I am 86 years old and have been on PD for 2 years

I just had my current PET and would like to know what it means when you go from a low average to a high average.
I am also getting ready for an adequacy test the end of this month, and would like to know if there is anything I can do to bump up my results as I have been in the hospital 4 times in the last 3 months.

I know that 1.7 is the base but before the hospital visits I was a 1.95 for adequacy. I am now a 1.45.
Not good.
Any help would be appreciated.

Here’s info on the peritoneal equilibration test (PET) that describes the test and what the results mean so far as which type of PD is best based on how high or low the rate of toxin transport across the peritoneal membrane.

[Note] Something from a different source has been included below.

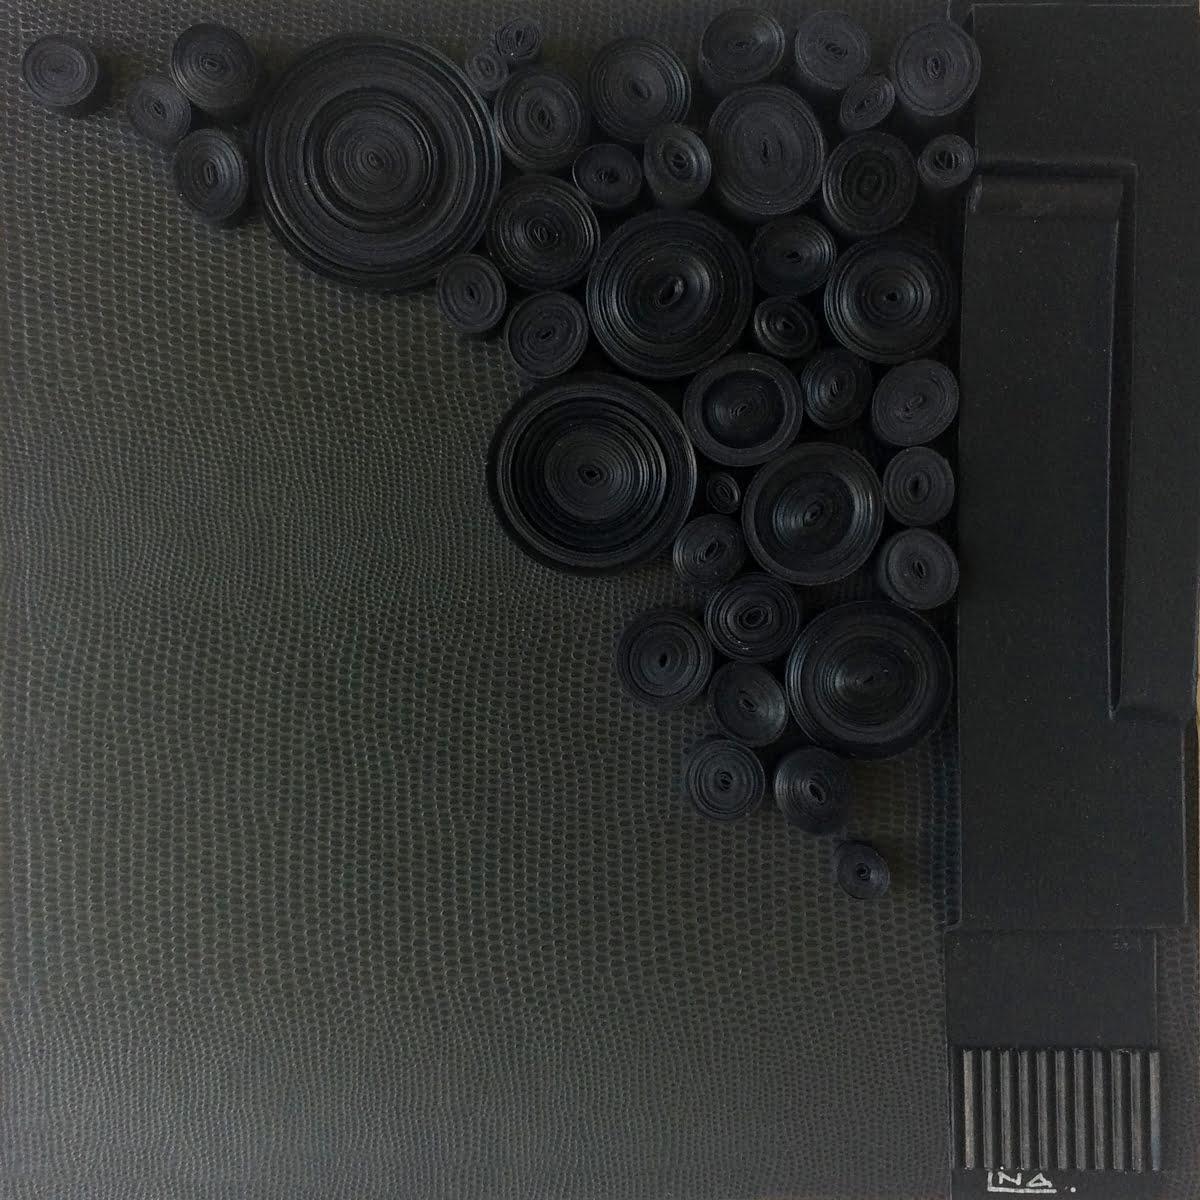 Nanou Autin, Volumes, Petit noir est une couleur, Papier roulé, acrylique 25x25cm – 2019

What were you in the hospital for? When was the PET done? Was the PET done correctly? If your Kt/V is dropping you may need a change in your PD prescription. I’d suggest you talk with your doctor about your concerns.

Hi Beth:
Sorry it took so long to answer you. I am typing this for my Husband and we are a bit confused. We have clinic through Davita in Pahrump, NV and a lot has changed lately.
My Husband was in the hospital 3 times for high ammonia levels even though his liver is fine. Before these hospital stays he had UTI’s and then at the same time he was diagnosed with a Superbug Ecoli that was almost untreatable. They gave him Meripenum.
The problem is I am not getting straight answers from his nephologist and concerned because he says my Husband needs Hemodialysis and that his membrane has deteriorated. If this is true how can he pass a PET test with a high average.
Also, since he came out of the hospital he has almost quit urinating. He was really doing great with that and now nothing.
We are getting ready for an adequacy test next week and he says that we will see what it shows and possibly add a extraneal bag and see if we can bring his number back.
I am finding it very hard to believe he is for my Husband and not just trying to get him to quit PD. He is trying to lump him in with all his other patients so I am trying to get a second opinion. Anything you can give me would be helpful. I really don’t want him to go back on Hemo because it was very hard on him the first time. He died for 10 minutes after the first prescription was administered in 2016.
Perhaps you can inquire what others think there too and come up with something. I can provide more information if you want.
Thanks so much,
Judy Pierce

High ammonia levels in blood (blood urea nitrogen or BUN) can indicate liver disease (which you say he doesn’t have), and it can indicate kidney failure. People with kidney failure can have breath or skin that smell like ammonia from uremia when dialysis isn’t working as well as it should.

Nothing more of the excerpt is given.